[Exercise data — start]

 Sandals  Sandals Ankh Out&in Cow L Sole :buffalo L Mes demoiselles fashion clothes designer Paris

[Exercise data — finish]
[Exercise data — start]

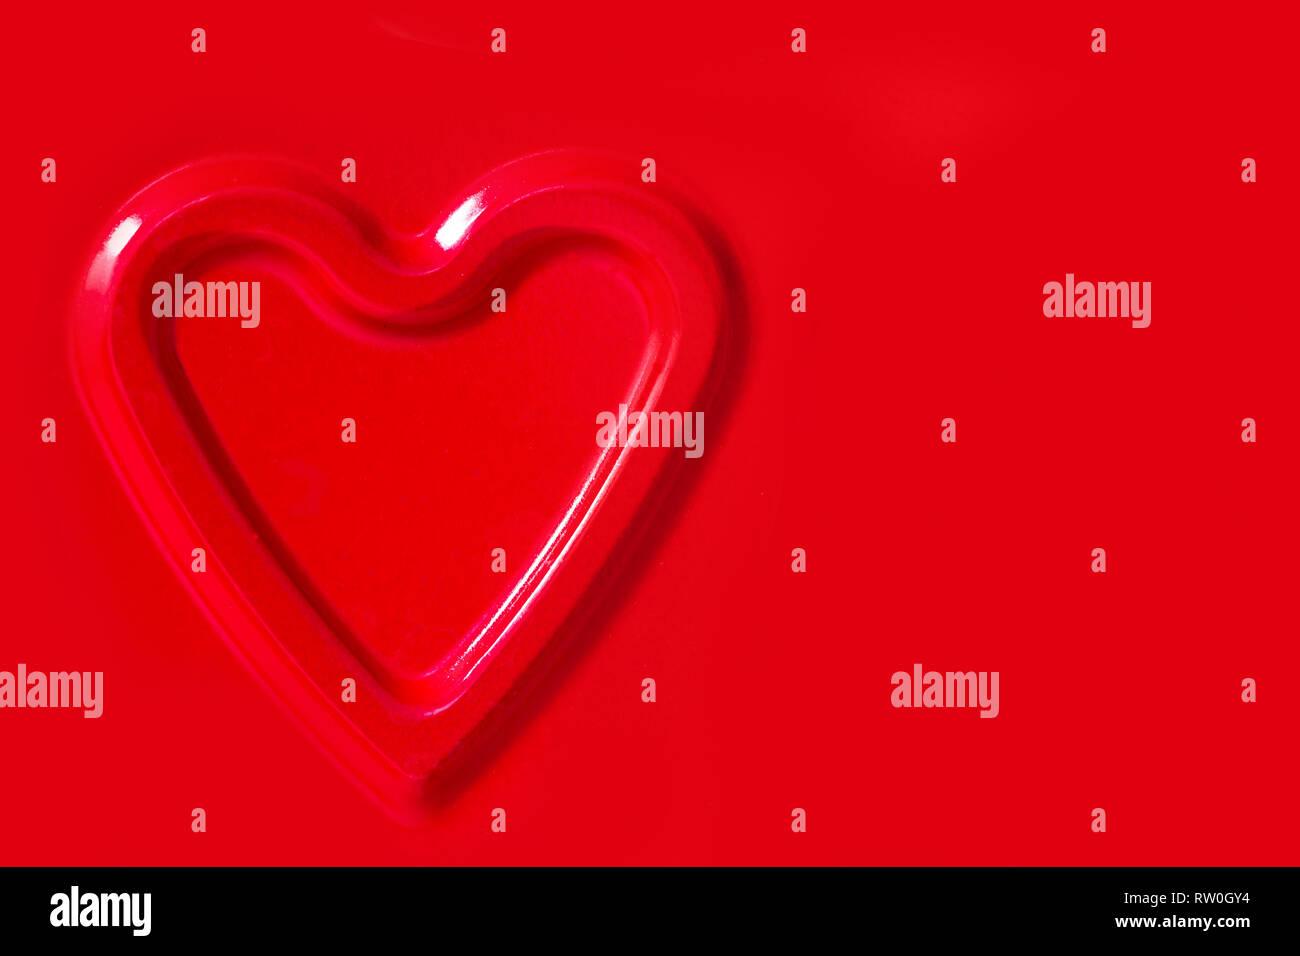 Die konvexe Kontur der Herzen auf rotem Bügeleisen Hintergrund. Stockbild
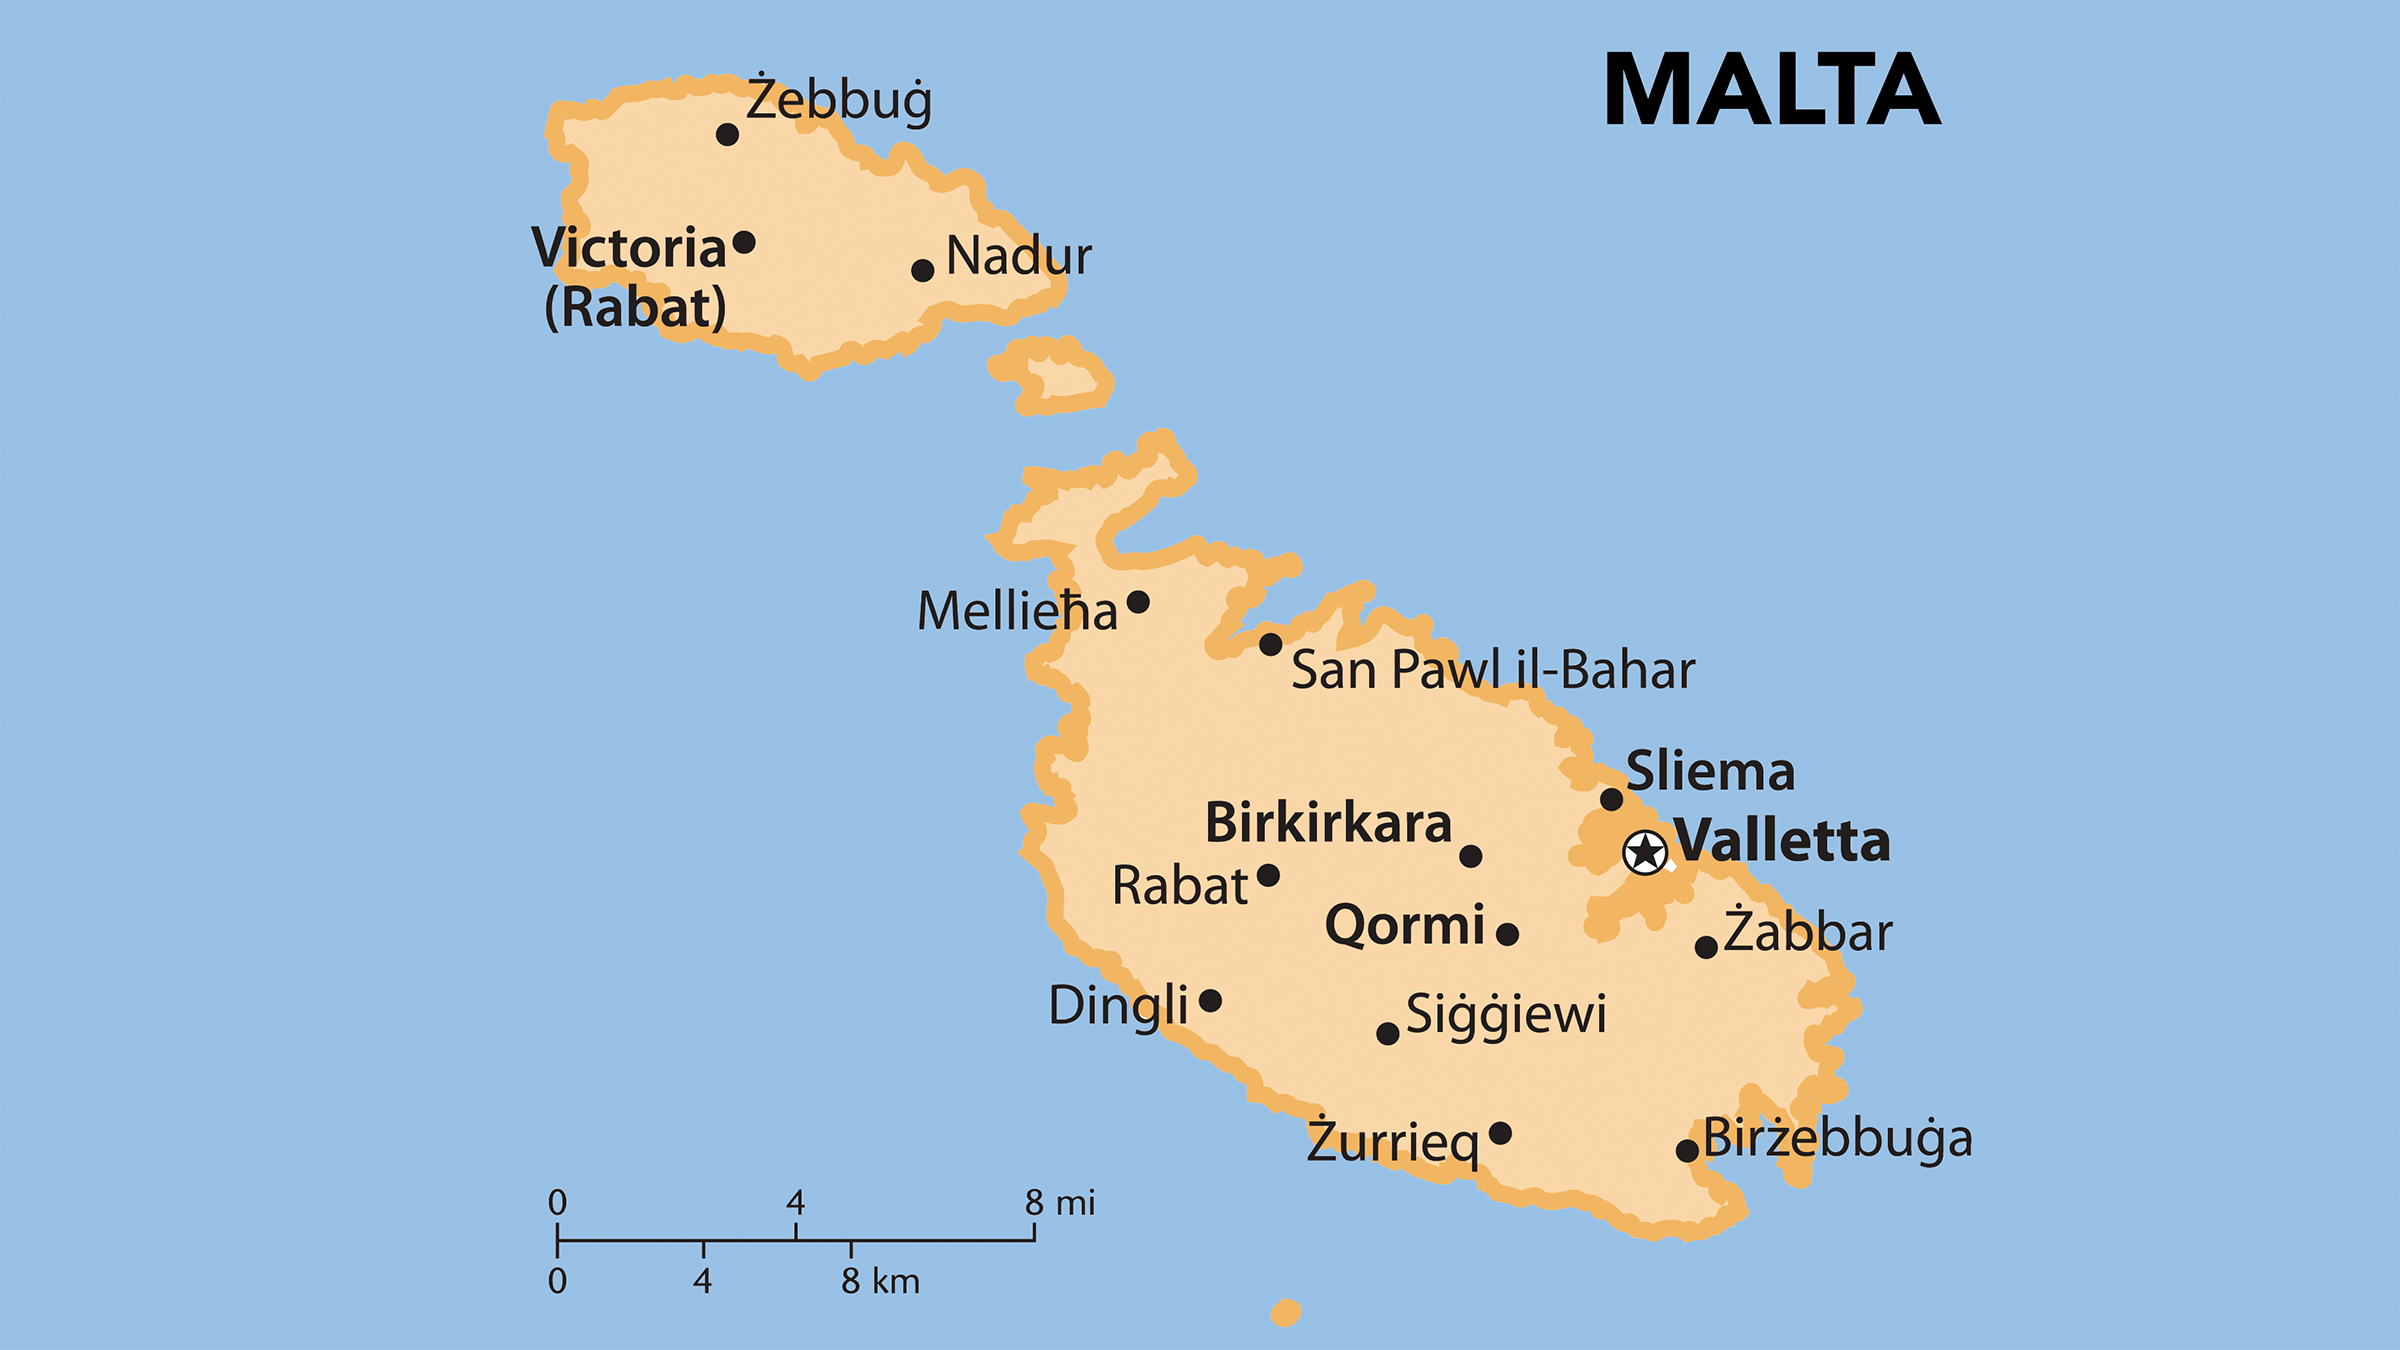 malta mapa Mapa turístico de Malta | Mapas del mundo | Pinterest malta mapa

[Exercise data — finish]

→ **How to complete this task**: Print, exactly, each line above from the one with "Die konvexe Kontur" to the one with "malta mapa Mapa", end lines included. Leave pictures out of it.

→ **Solution below**:
 Die konvexe Kontur der Herzen auf rotem Bügeleisen Hintergrund. Stockbild
 malta mapa Mapa turístico de Malta | Mapas del mundo | Pinterest malta mapa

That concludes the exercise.